*** Opening of Information provided ***

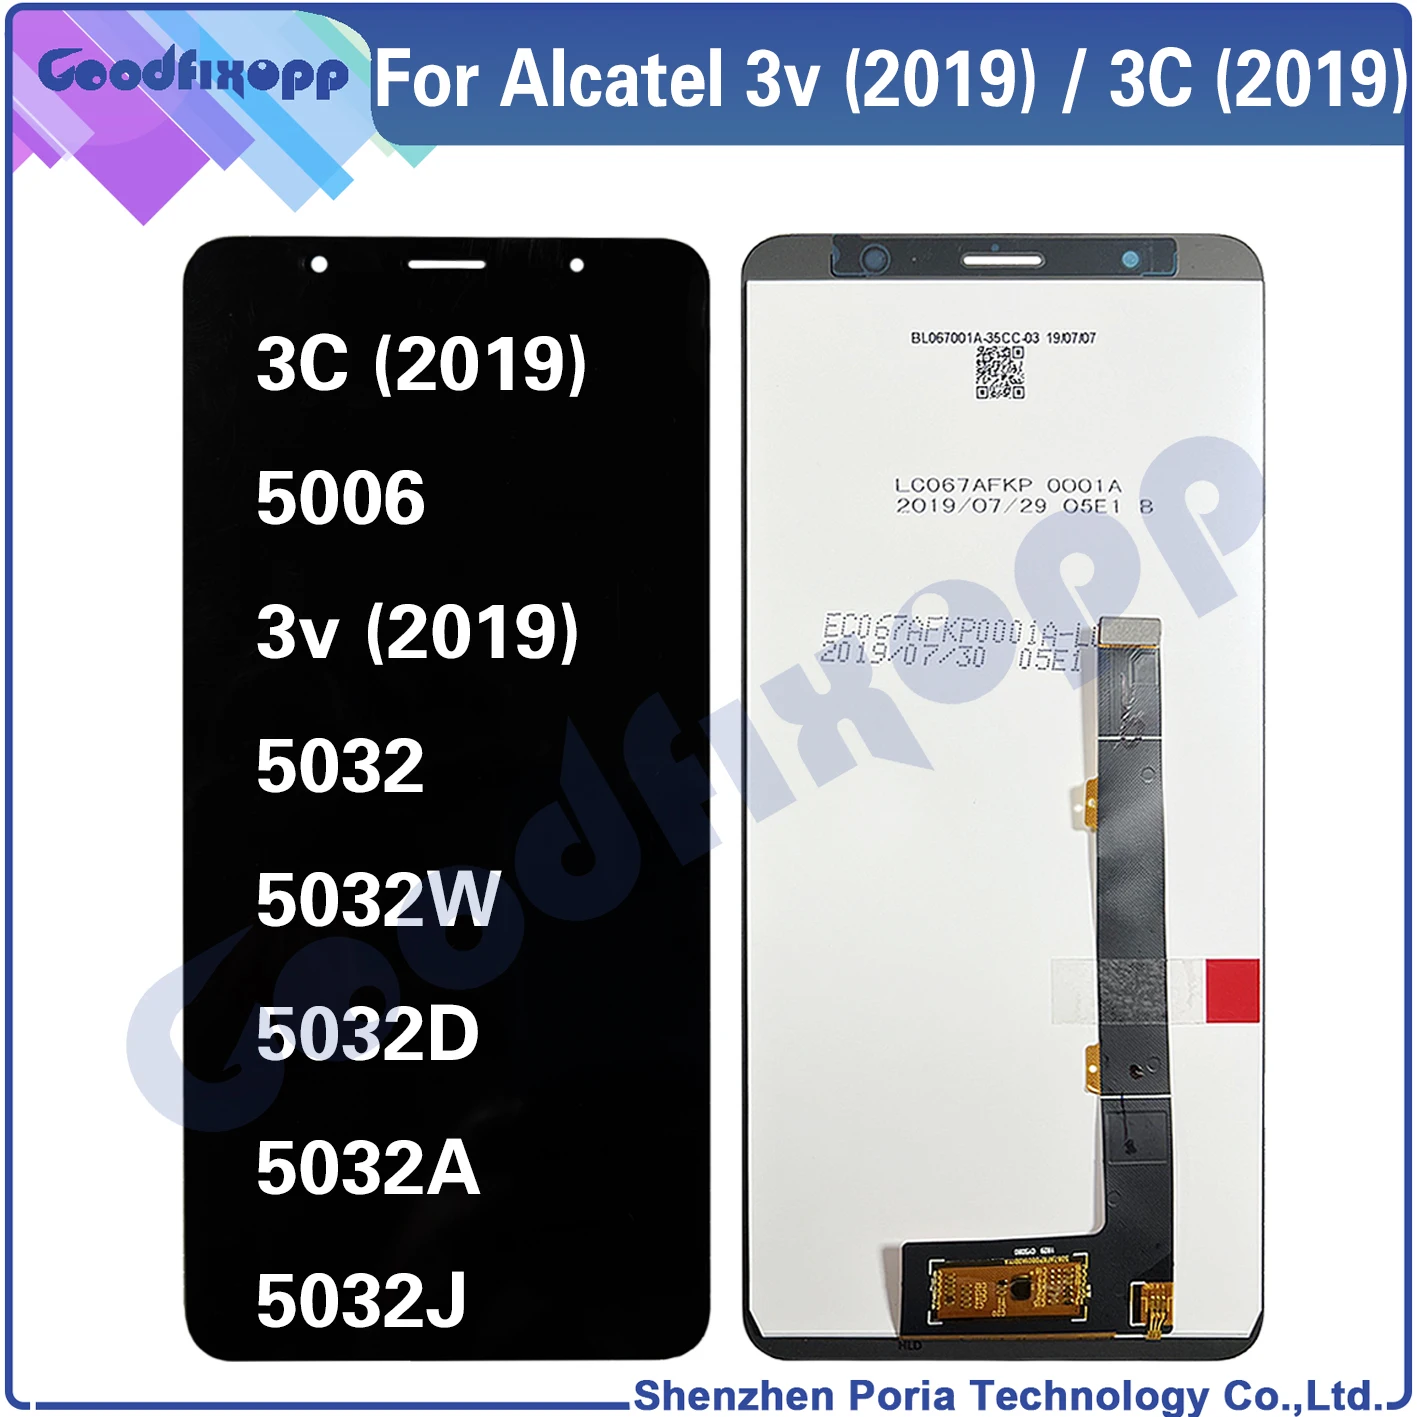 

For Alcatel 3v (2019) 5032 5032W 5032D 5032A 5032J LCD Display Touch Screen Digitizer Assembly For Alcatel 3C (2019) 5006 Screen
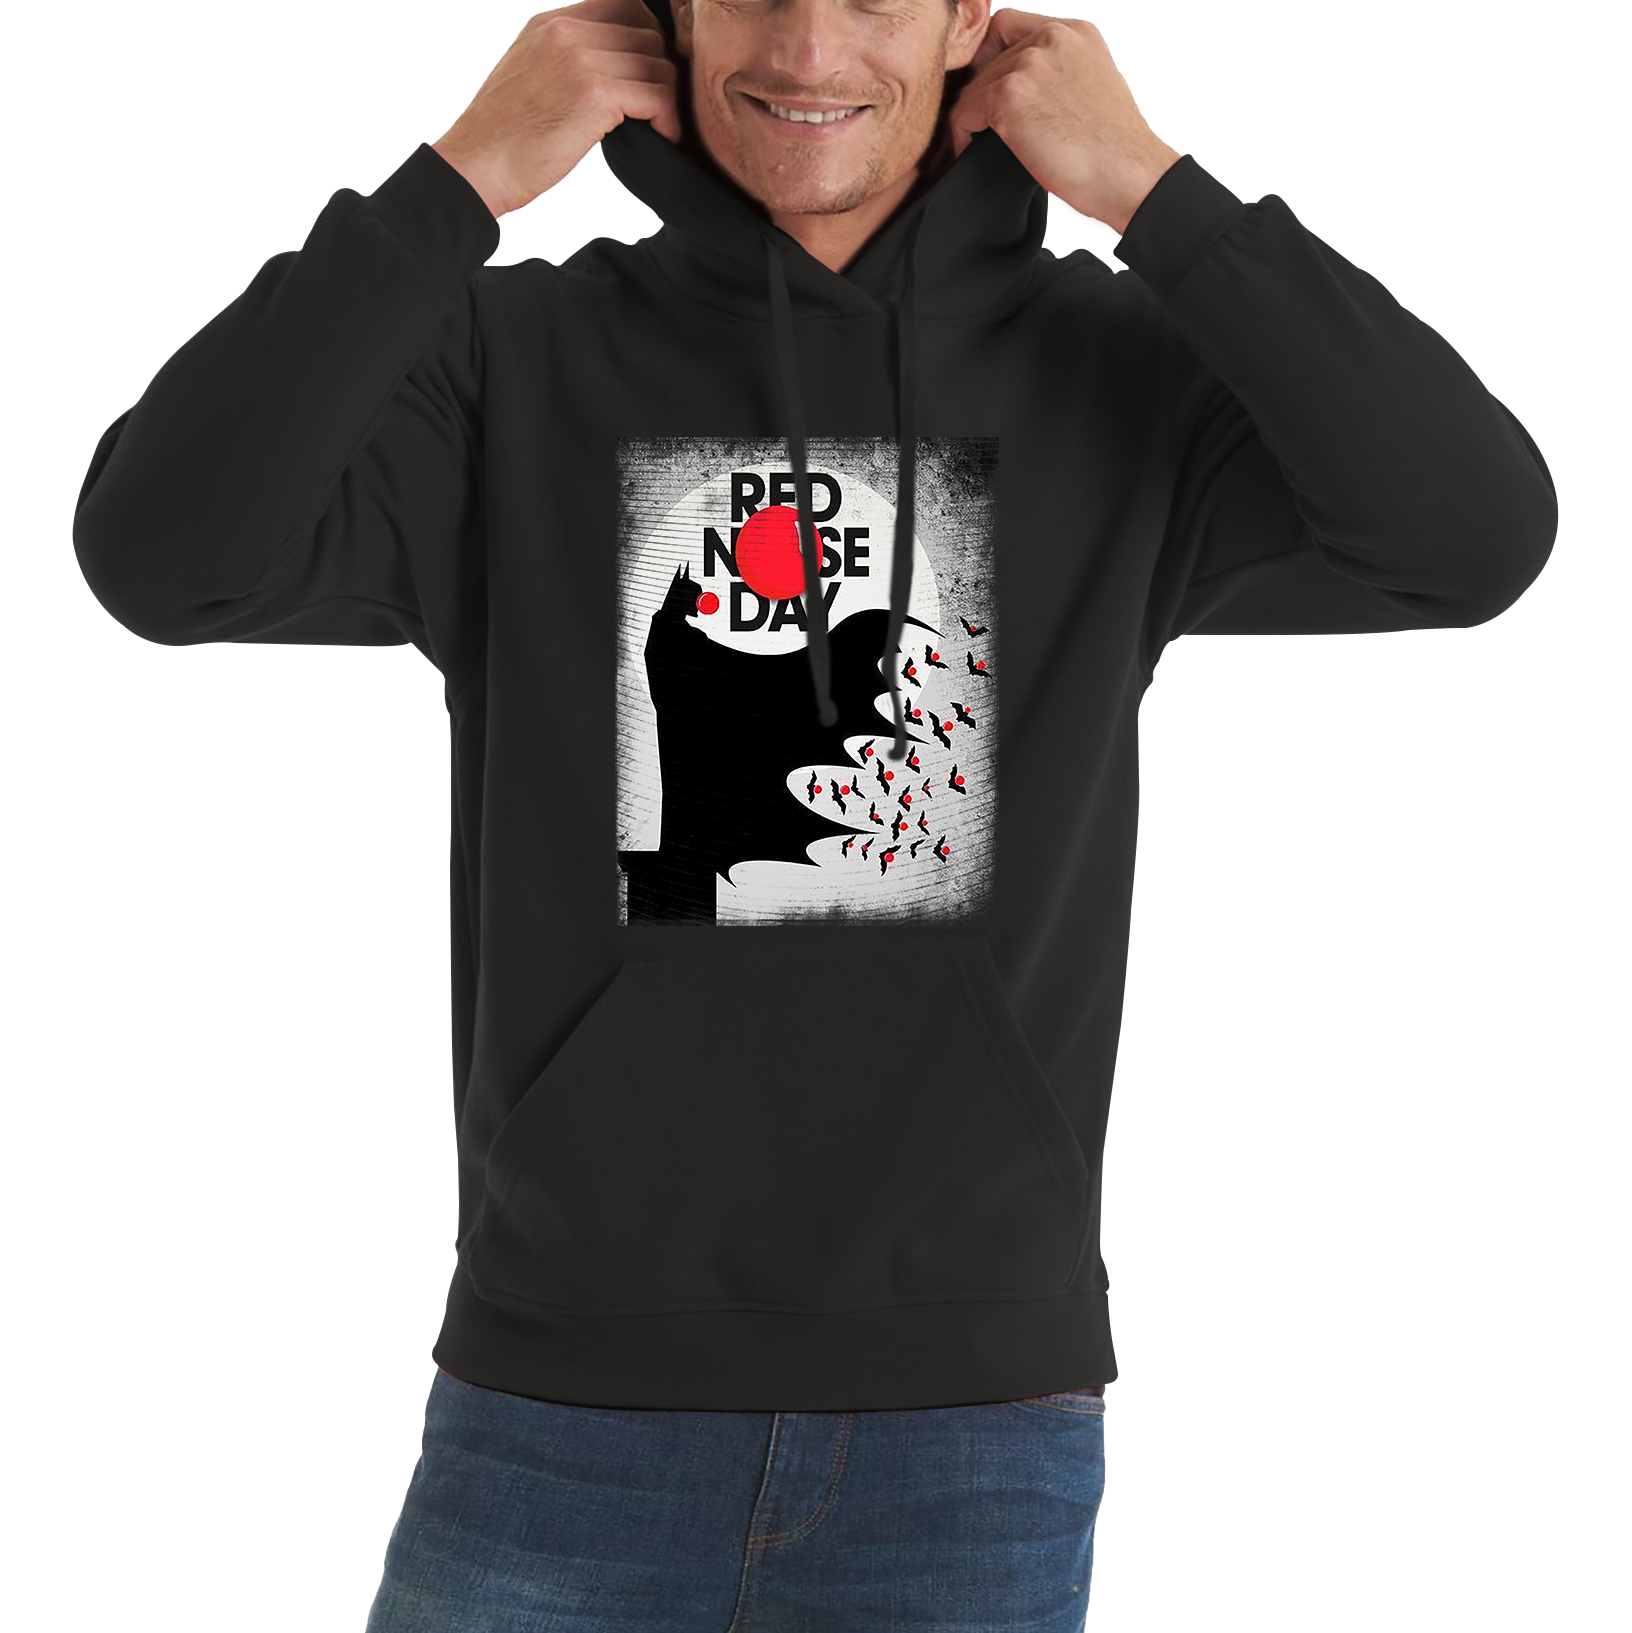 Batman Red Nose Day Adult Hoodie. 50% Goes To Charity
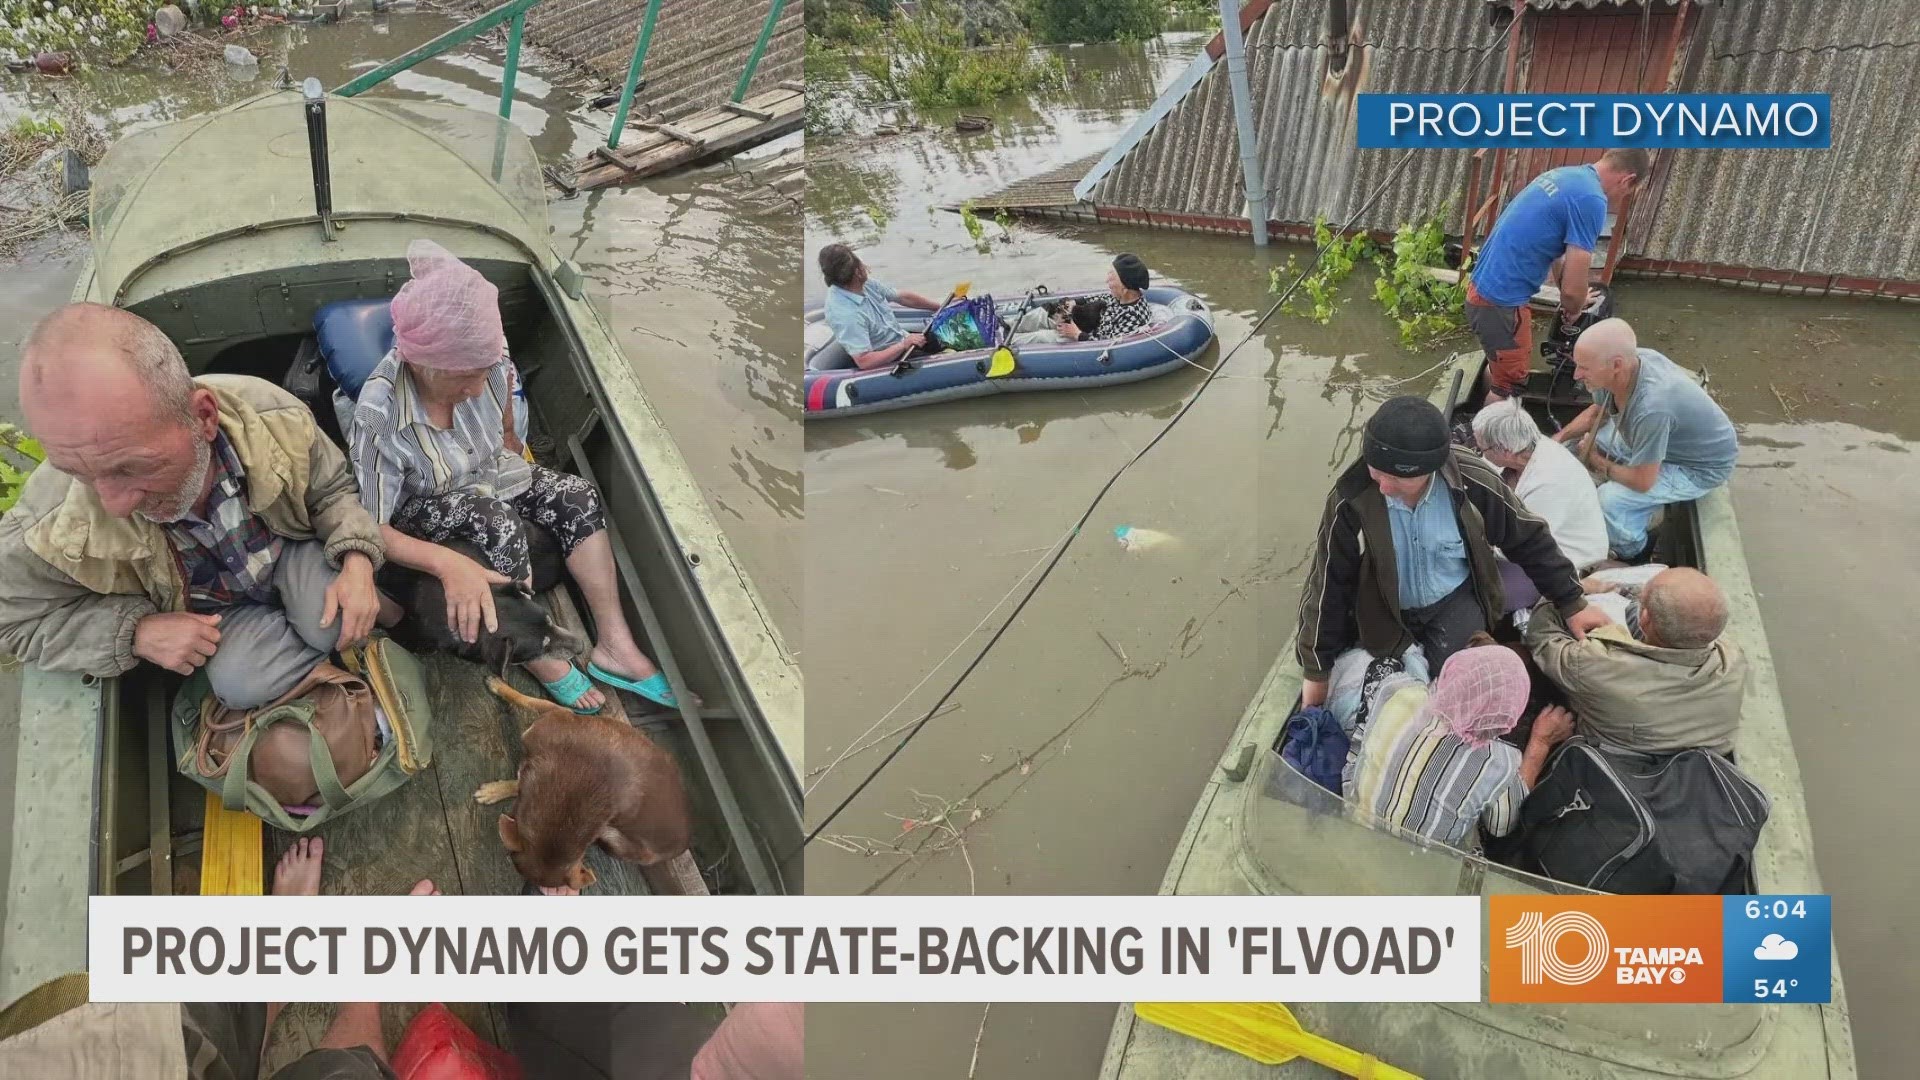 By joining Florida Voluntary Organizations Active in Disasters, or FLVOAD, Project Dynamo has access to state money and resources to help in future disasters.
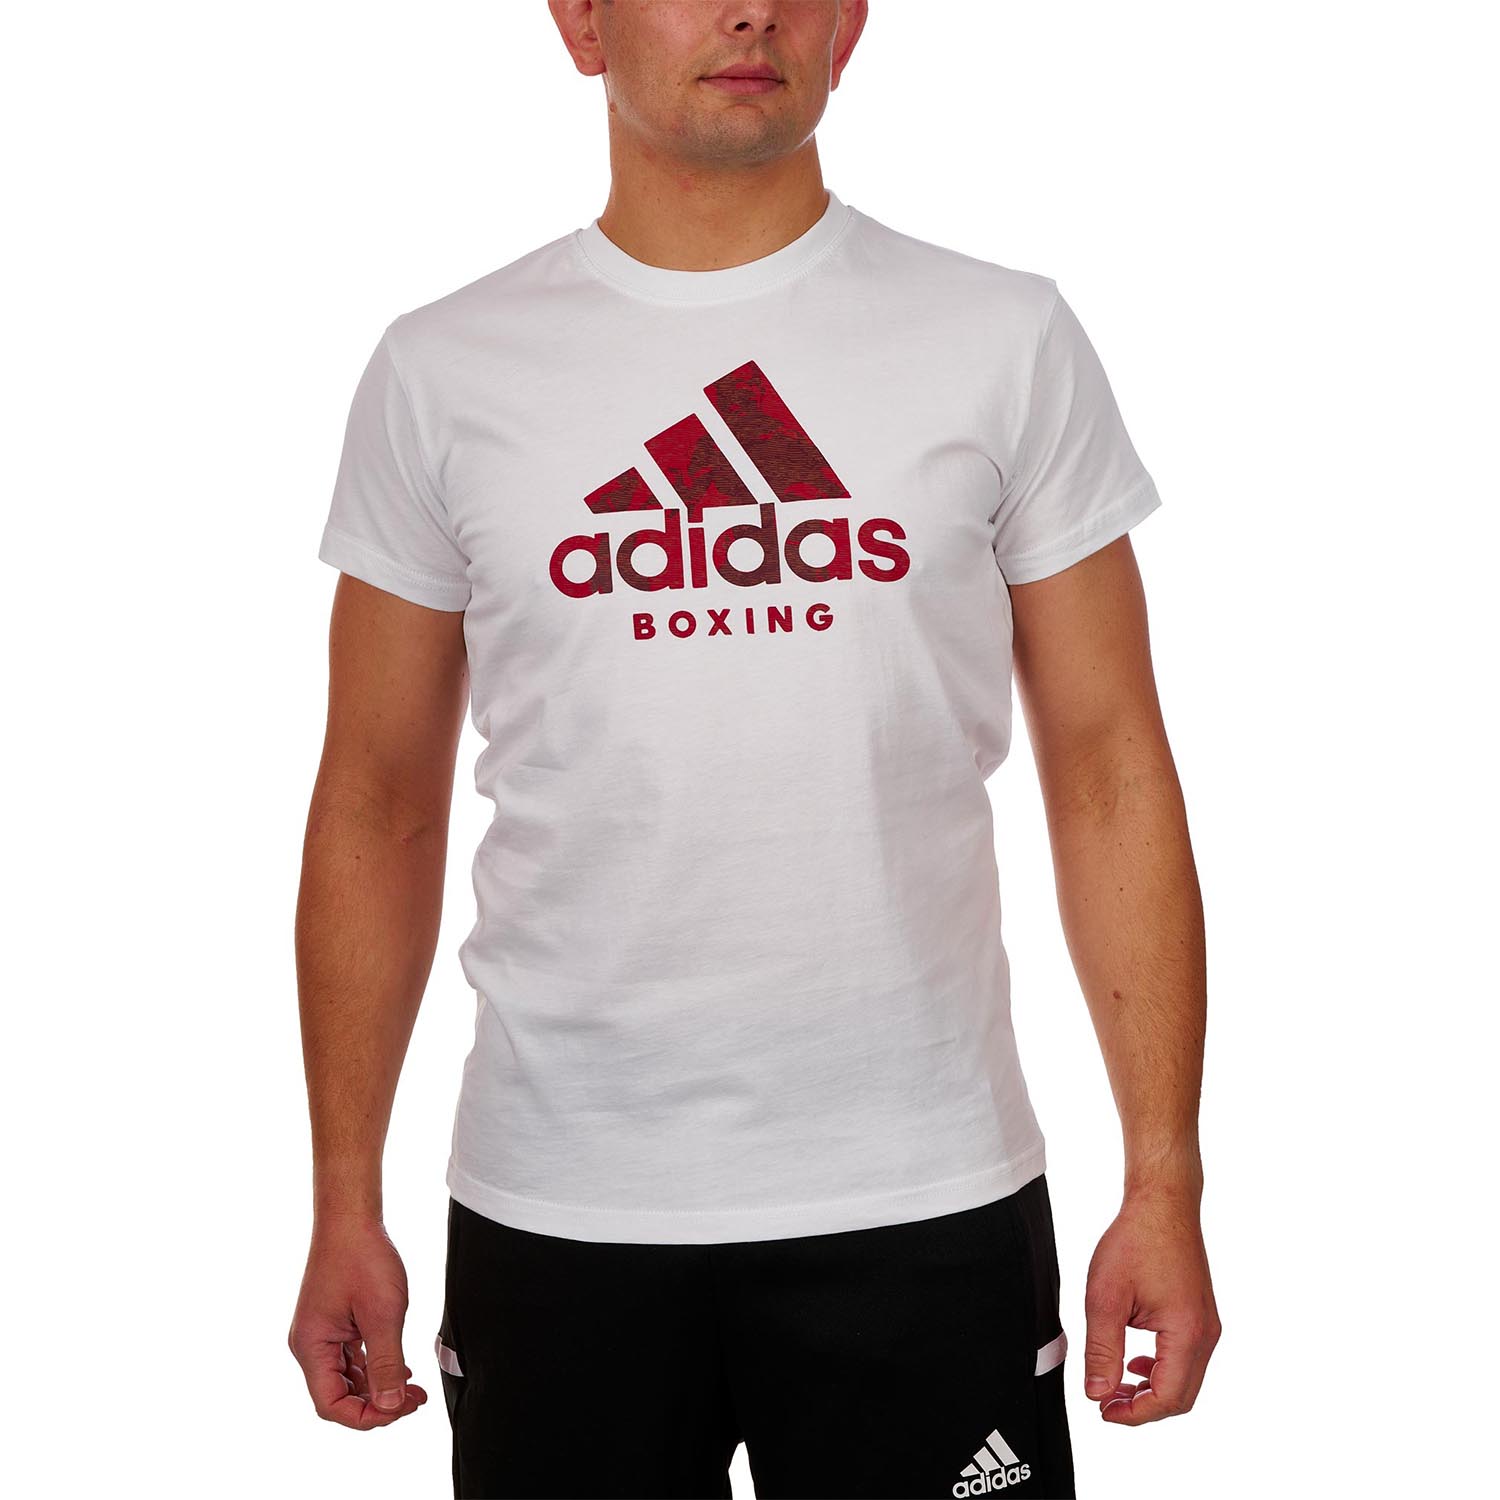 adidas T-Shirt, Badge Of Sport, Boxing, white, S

*** Close of Information provided ***

● **Problem to solve**
The data above needs to be retyped exactly, with the images left out.

● **Result of the task**
For Alcatel 3v (2019) 5032 5032W 5032D 5032A 5032J LCD Display Touch Screen Digitizer Assembly For Alcatel 3C (2019) 5006 Screen
 Batman Red Nose Day Adult Hoodie. 50% Goes To Charity
 By joining Florida Voluntary Organizations Active in Disasters, or FLVOAD, Project Dynamo has access to state money and resources to help in future disasters.
 adidas T-Shirt, Badge Of Sport, Boxing, white, S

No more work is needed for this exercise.